The total resources exposed to all guest machines combined need not be limited to the total resources of the host machine. The hypervisor can offer 20 GB of RAM to 50 different virtual machines on a system with only 512 GB of RAM. Because most systems do not use the maximum available resources at all times, the hypervisor can dynamically allocate the underlying host memory to each system as needed. This is known as oversubscription.
Additionally, because the hypervisor presents the illusion of single, completely accessible physical machines, no virtual machine can see another virtual machine. This allows numerous virtual machines to run without interacting. As a result, on the same host machine, not only can virtual machines of different size exist, but with different operating systems as well.
Cloud computing and virtualization
Virtualization is the key to cloud computing. Vendors offer the ability to create, maintain, and administer a virtual machine on off-premises hardware. Because each virtual machine exists as a separate system, there is no need to segregate clients for security or stability purposes. Even if a user corrupted their entire system, such damage has no effect outside of that single virtual machine.
Before virtualization, storing and running servers off-site on another vendor’s network was accomplished as remote hosting. To do this, the cloud vendor would have to supply an actual physical server for each requested machine. It was very labor intensive and very costly to maintain this one-for-one physical server to client’s functional server ratio.
With the advent of cloud computing, a vendor need not match physical hardware to each request for a new machine. Rather, a virtual machine can be created instead.
Major cloud vendors install and operate enormously powerful server hardware, that itself is often virtualized from an array of hardware. For each of these larger servers, the cloud vendor carves out virtual machines as requested by the client.
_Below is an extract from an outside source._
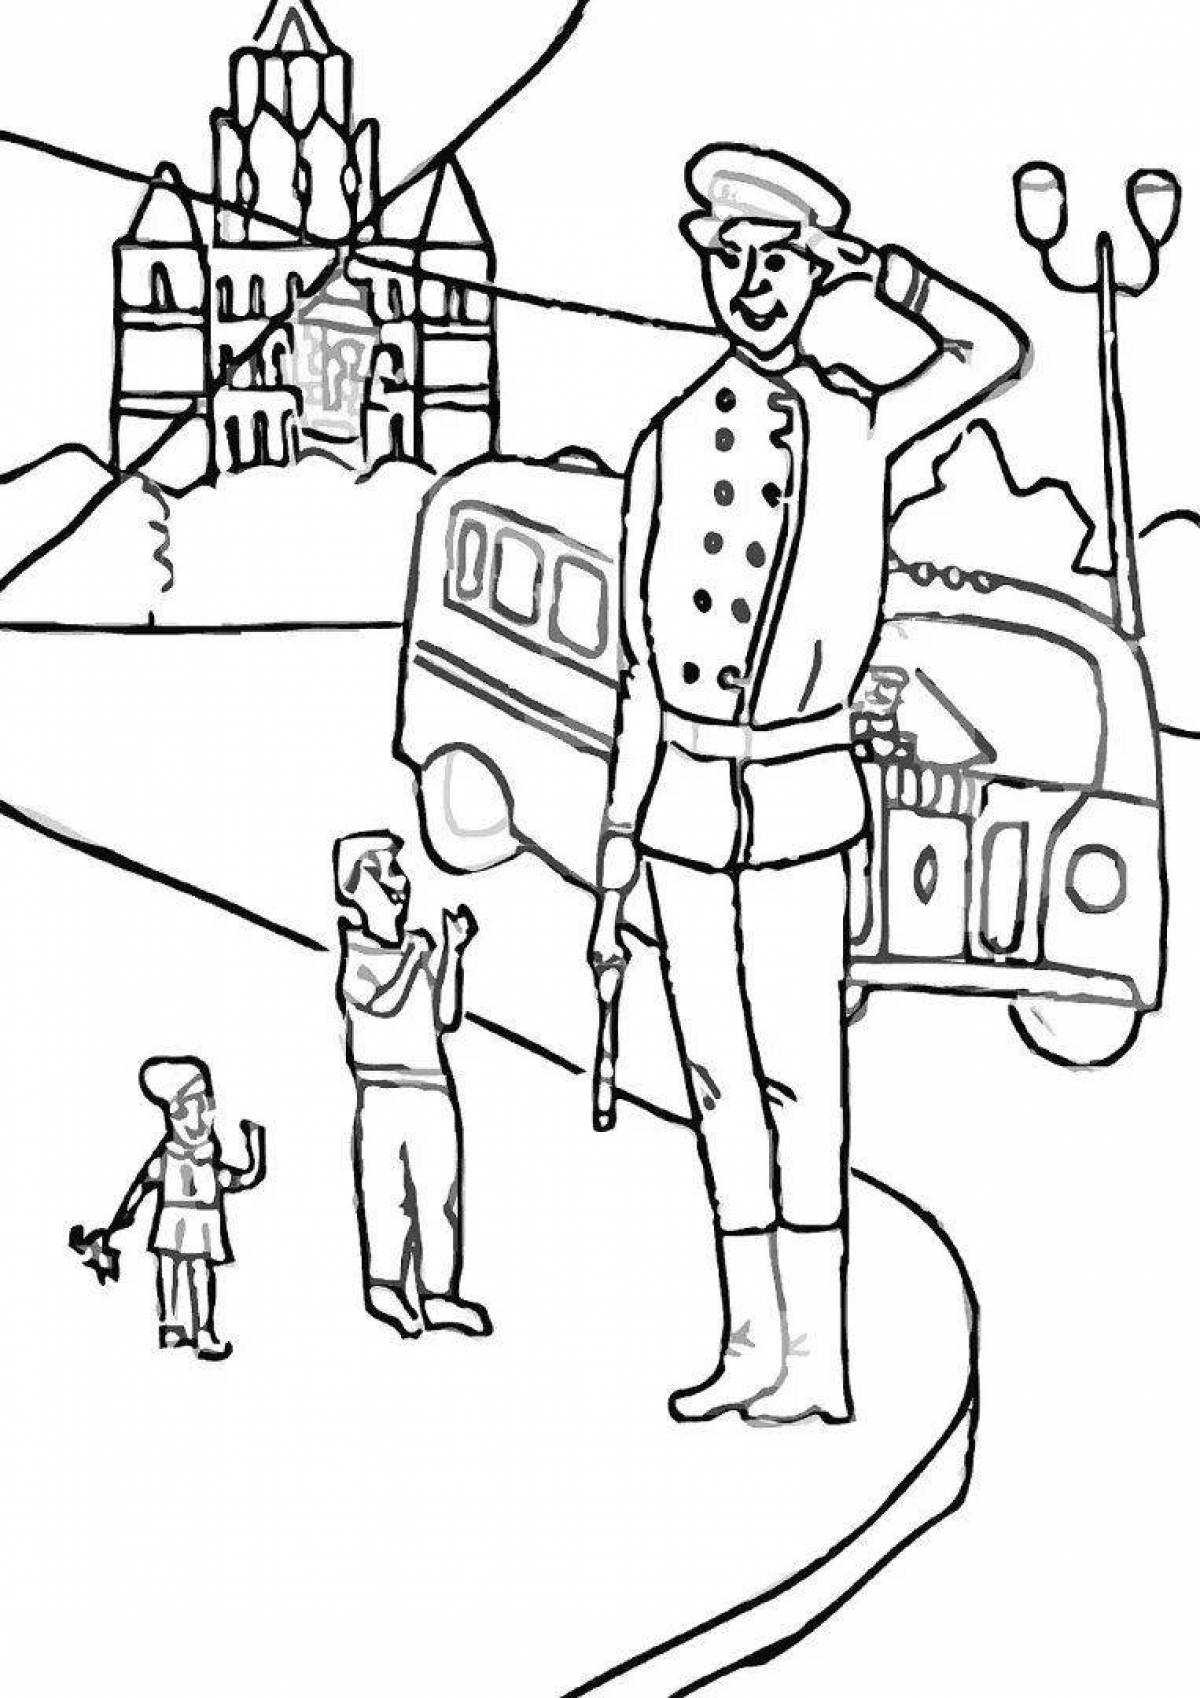 Charming Mikhalkov coloring book for children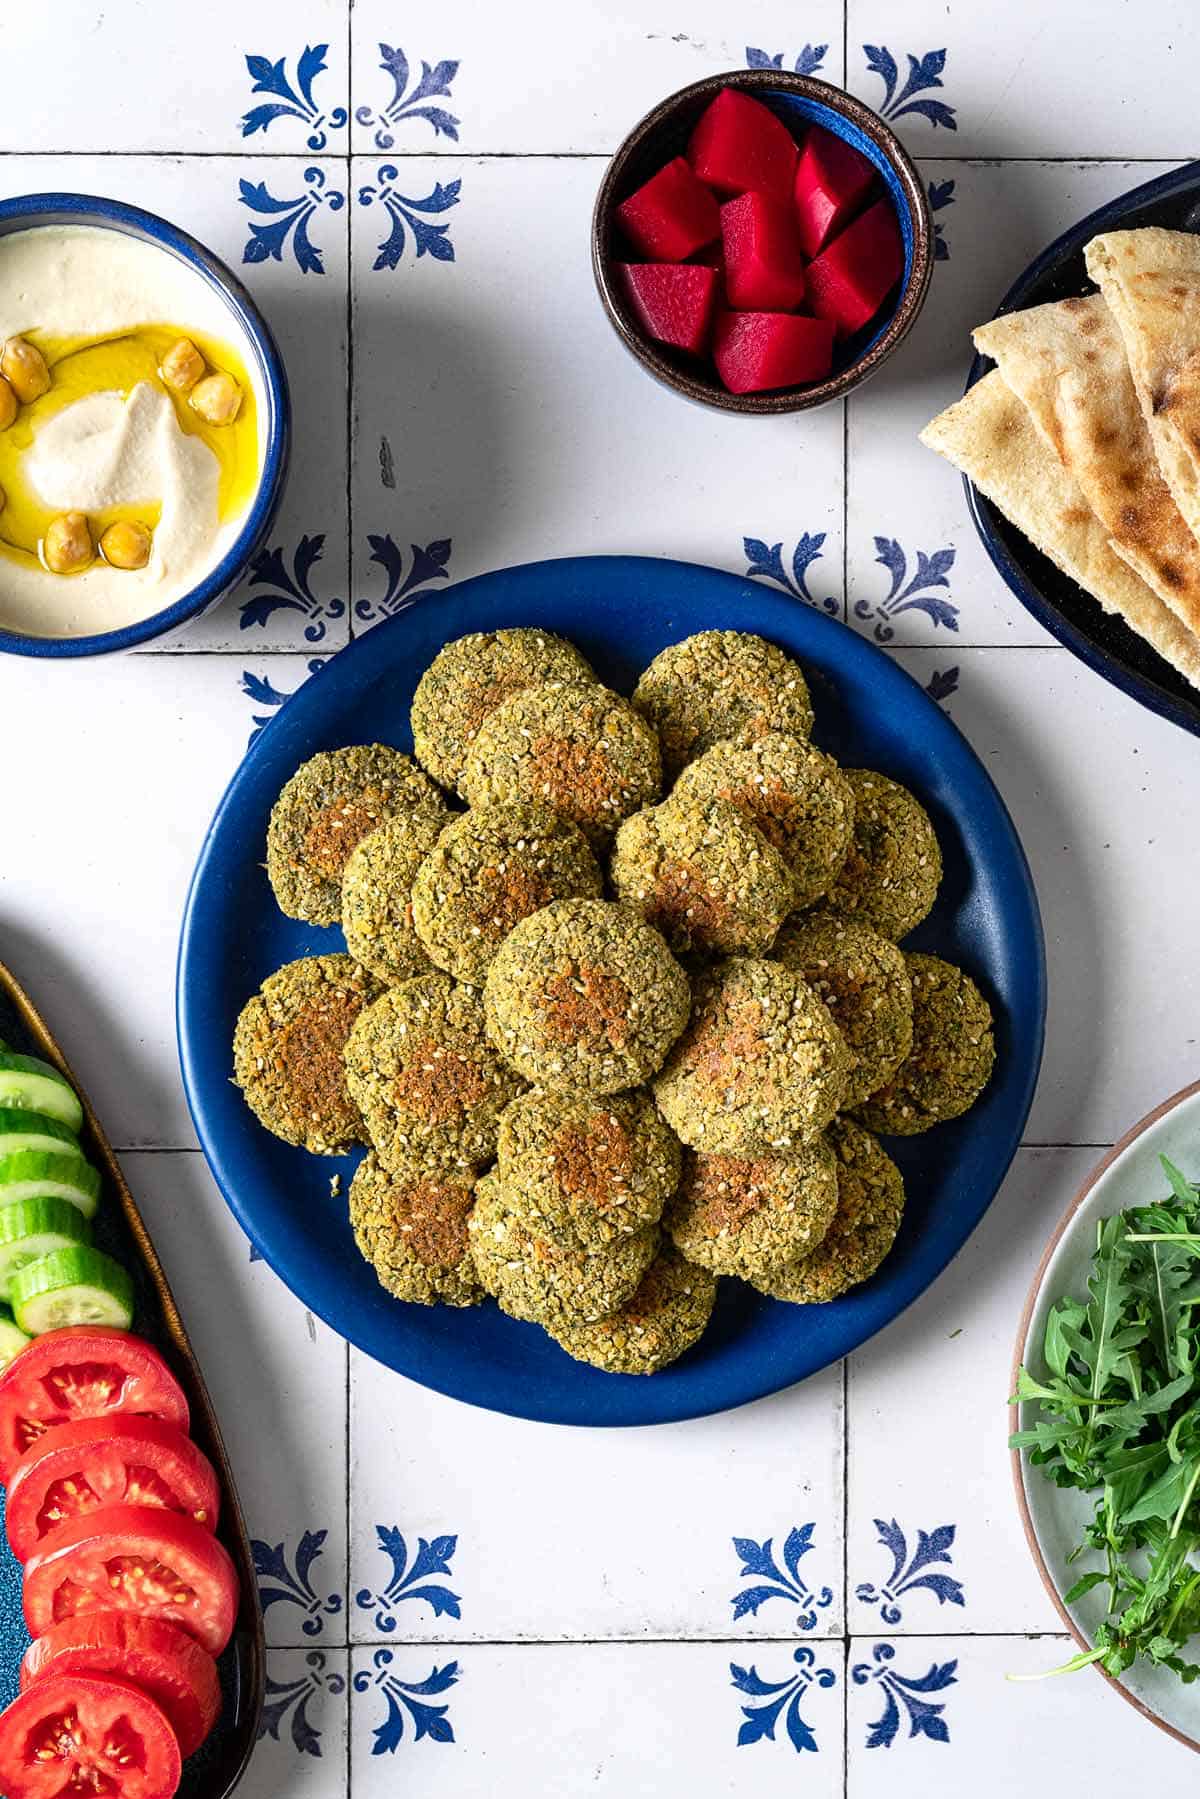 overhead photo of a blue plate full of baked falafel surrounded by a plate of cucumbers and tomatoes, a bowl of hummus, a bowl of pickled turnips, a plate of pita and a bowl of arugula.

For example, a client might request a new server with a certain amount of processing power, memory, and disk space. The cloud vendor will “spin up,” or start a new virtual machine with those specifications on one of its own existing host machines without installing any new physical hardware. Because each virtual machine has no direct access to the physical hardware underlying the hypervisor, there is no risk to data or system stability.
Virtualization hypervisor vendors
There are several companies that offer a hypervisor or virtual machine manager product that allows for total hardware virtualization. The biggest are VMware and its vSphere line, and Microsoft with Hyper-V. Others include Citrix XenServer and KVM.
The brilliance of virtualization is that each virtualized system cannot tell whether or not it is virtual, or running directly on the hardware. That makes it possible to create a virtual machine within a virtual machine, a process known as nested virtualization. A virtual machine created by a company on Amazon AWS might itself be within a virtual machine created by Amazon, for example.
In some ways, this is like a computer version of Blade Runner. The servers don’t know whether they are real servers or virtually created servers, although each of them believes, at all times that they are “real”.
There is no limit to this nesting. So, Amazon may install an enormous bare metal system in a data center. It installs a bare metal hypervisor on that system to create a system for use by its cloud computing division. The cloud computing division, in turn, installs a hypervisor that splits each system by region. When a client orders a new virtual machine, the cloud computing division at Amazon creates yet another virtual machine. Finally, the client also goes on to create two virtual machines out of that, one for production and another for a test environment. Each machine works exactly like a physical piece of hardware.
This nesting is critical to providing an environment where no knowledge of the previous system is required or useful.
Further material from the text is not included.